I agree: in fact we don't do it in the write pipeline. The code we wrote implements a simple queue, where page_id are queued for processing. The processing job then gets a page_id out of that table, and processes all the missing revisions for that page_id. So this is useful also if (say) there is a page merge or something similar: we can just erase all authorship information for that page, and at the next edit, it will be rebuilt.
What we wrote can work also on labs, but:
- We need a way to poll the database for things like what are all revision_ids of a given page. We could use the API instead, but it's less efficient. - We need a way to read the text of revisions. Again, the API can work, but having better access is better. - We need a place where to store the authorship information. This is several terabytes for enwiki. Basically, we need access to some text store. Is this available on labs?

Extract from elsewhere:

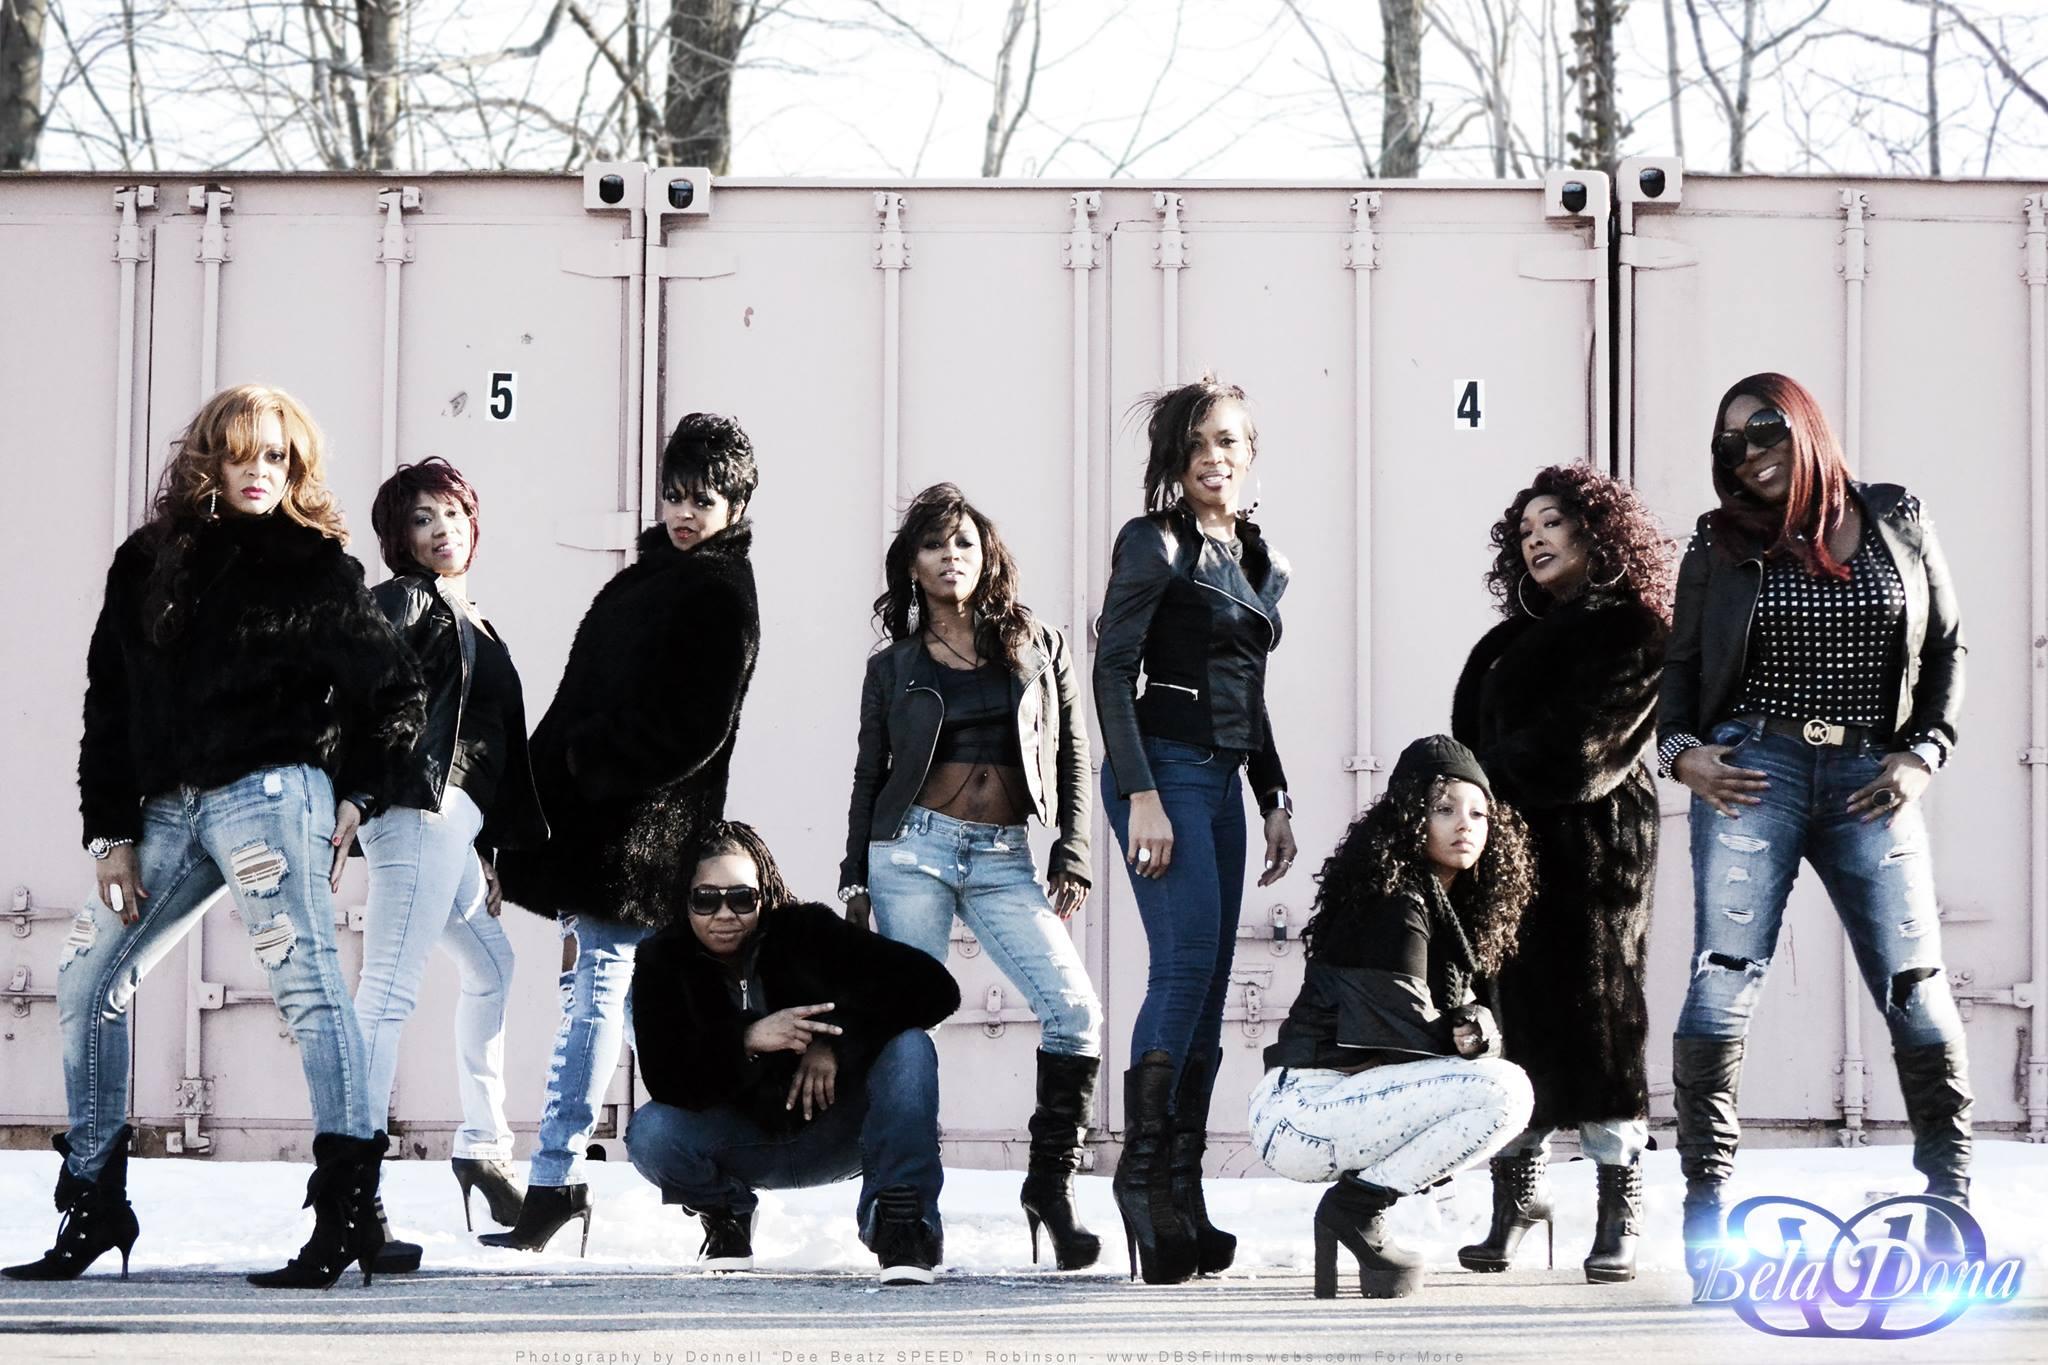 Be'la Dona Group Photo

We would welcome more information on how much of the above is feasible on labs.
Luca
On Mon, Feb 25, 2013 at 7:27 PM, Matthew Flaschen mflaschen@wikimedia.orgwrote:
On 02/25/2013 09:21 PM, Luca de Alfaro wrote:
I am writing this message as we hope this might be of interest, and as we would be quite happy to find people willing to collaborate. Is anybody interested in developing a GUI for it and talk to us about what API we should have for retrieving this authorship information? Is there anybody interested in helping to move the code to production-ready stage?
Are you planning to run this live in production (i.e. 1-2 seconds on every save)?
I think people would be reluctant to slow writes down further. You could potentially do it deferred, or in the job queue, but I think it might make more sense on something like Wikimedia Labs (https://www.mediawiki.org/wiki/Wikimedia_Labs)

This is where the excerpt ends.